Cambodia has made substantial strides in education access. Enrollment rates have risen dramatically, particularly at the primary level. The government’s commitment to free basic education has played a crucial role in this progress. Additionally, there has been an increase in the number of teachers, although challenges remain regarding teacher qualifications and training.

Challenges and Considerations

Despite the advancements, Cambodia’s education system faces several hurdles.
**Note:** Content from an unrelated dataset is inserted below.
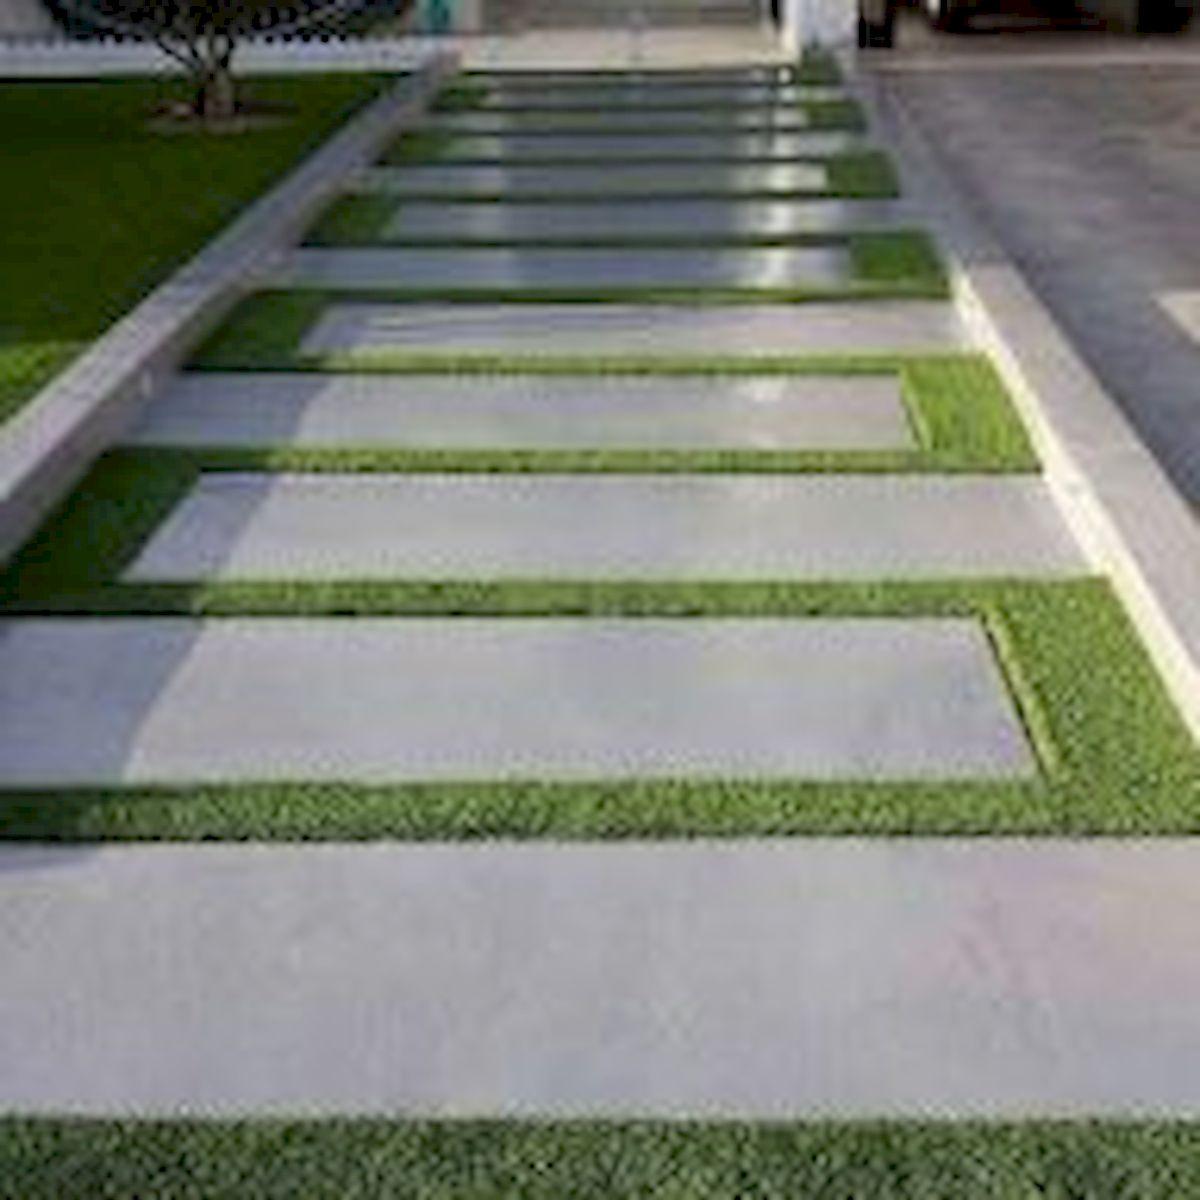 55 Fantastic Garden Path and Walkway Design Ideas (32)
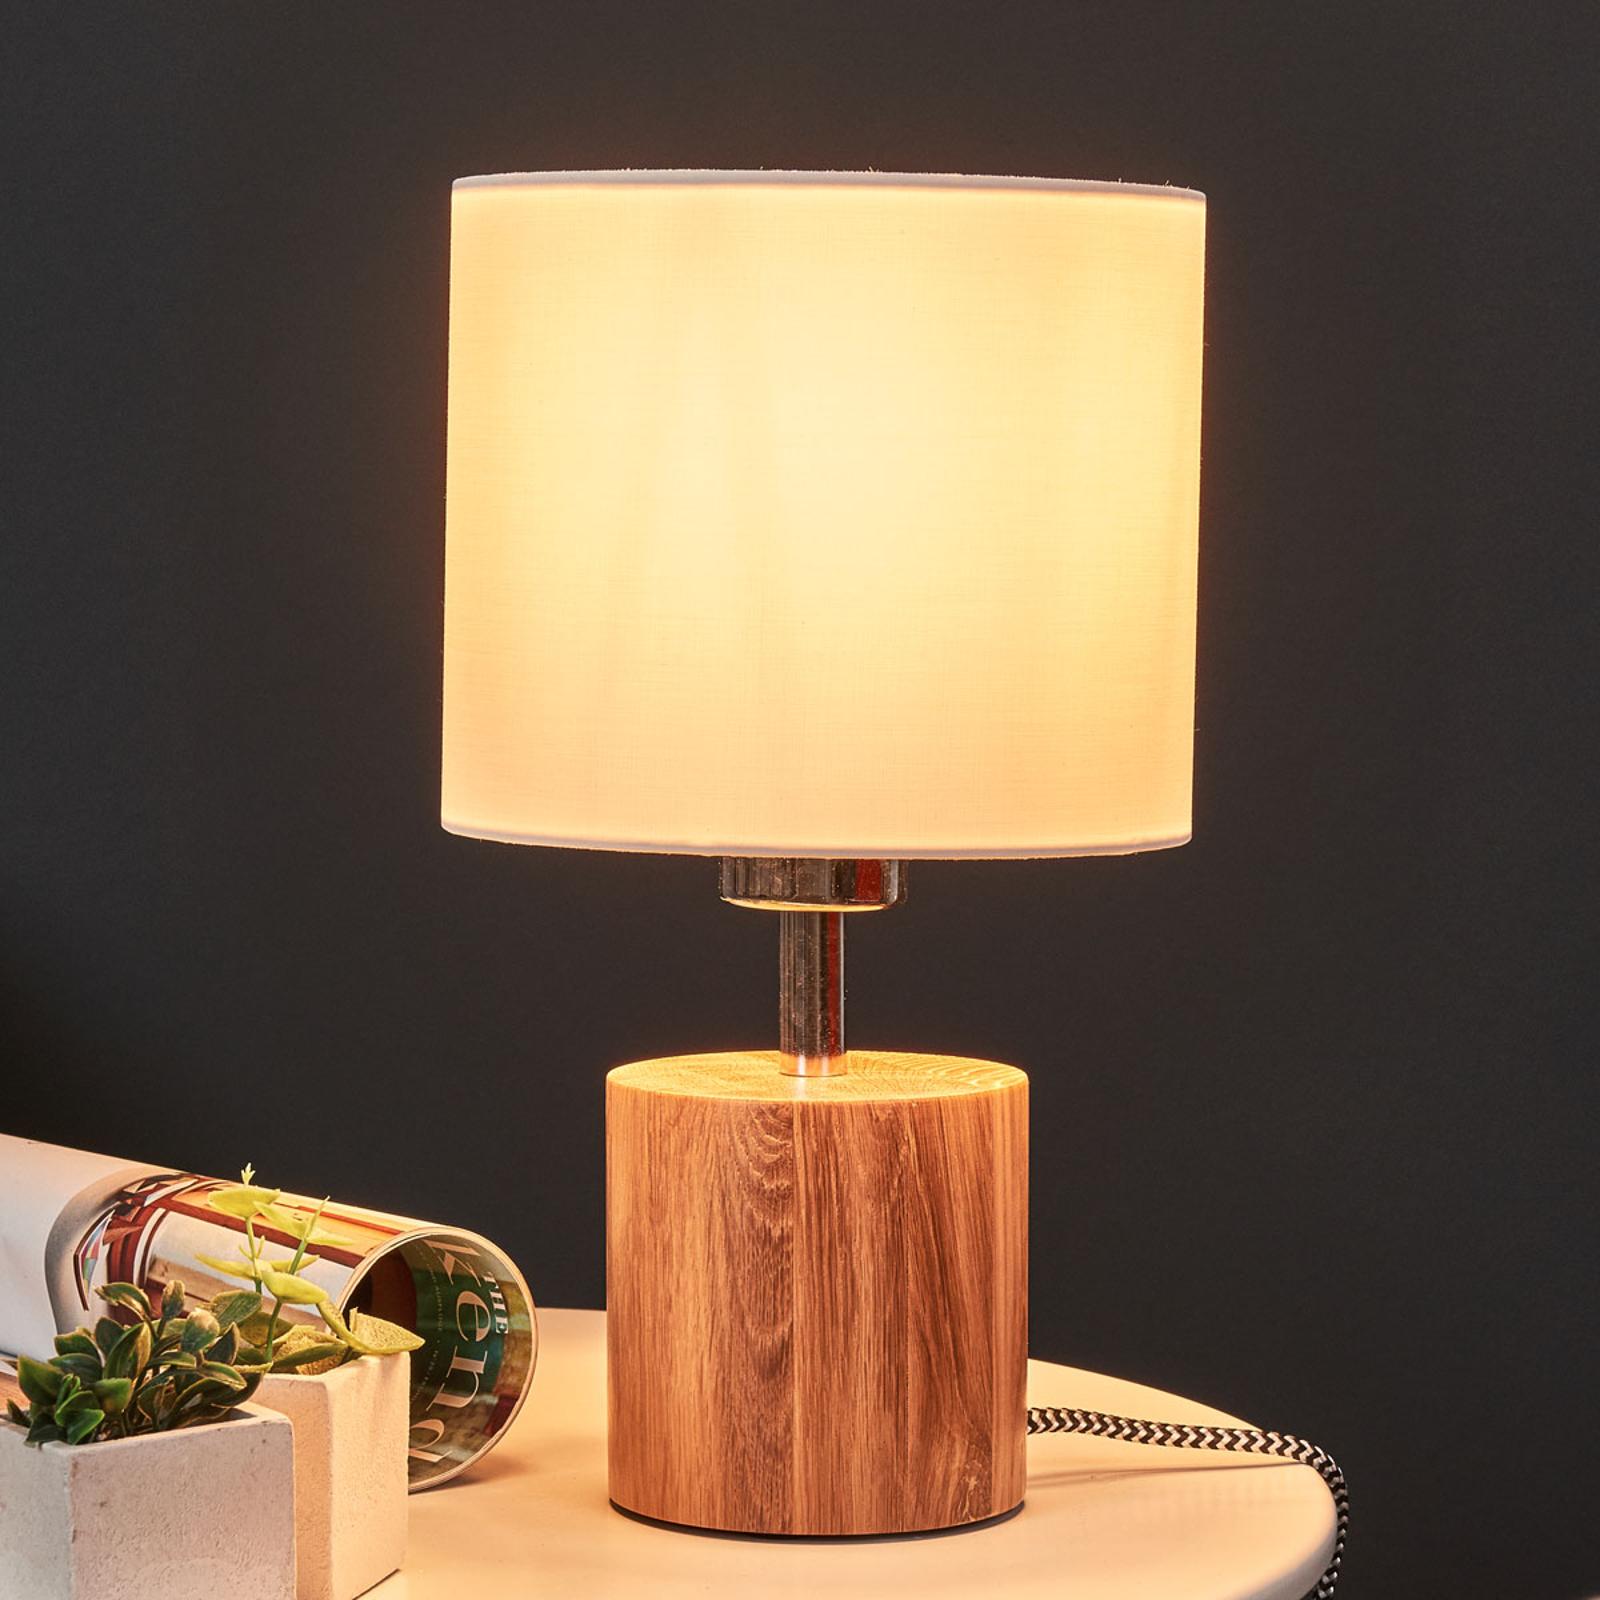 Tafellamp Trongo, cilinder geolied, lampenkap

  • Quality of Education: While access has improved, concerns exist regarding the quality of education. Class sizes can be large, and learning materials may be limited.
  • Teacher Training and Equity: Teacher shortages persist, particularly in rural areas. Additionally, ensuring equitable access to quality education across regions and socioeconomic backgrounds remains a challenge.
  • Higher Education Costs: While some public universities offer affordable tuition, higher education can be financially out of reach for many Cambodians.

The Road Ahead

Cambodia’s Ministry of Education, Youth and Sport (MoEYS) is actively working to address these challenges. Initiatives include:

  • Curriculum Reform: The MoEYS is revising the curriculum to focus on critical thinking, problem-solving, and life skills.
  • Teacher Training and Development: Programs are underway to enhance teacher qualifications and provide ongoing professional development opportunities.
  • Promoting Equity: Efforts are being made to increase access for disadvantaged groups, including girls and children with disabilities.


Cambodia’s education system is evolving. Significant progress has been achieved in terms of access, but quality and equity remain key areas for improvement. Continued investment and strategic interventions by the government, along with international collaboration, will be essential in ensuring a strong education system that empowers future generations of Cambodians.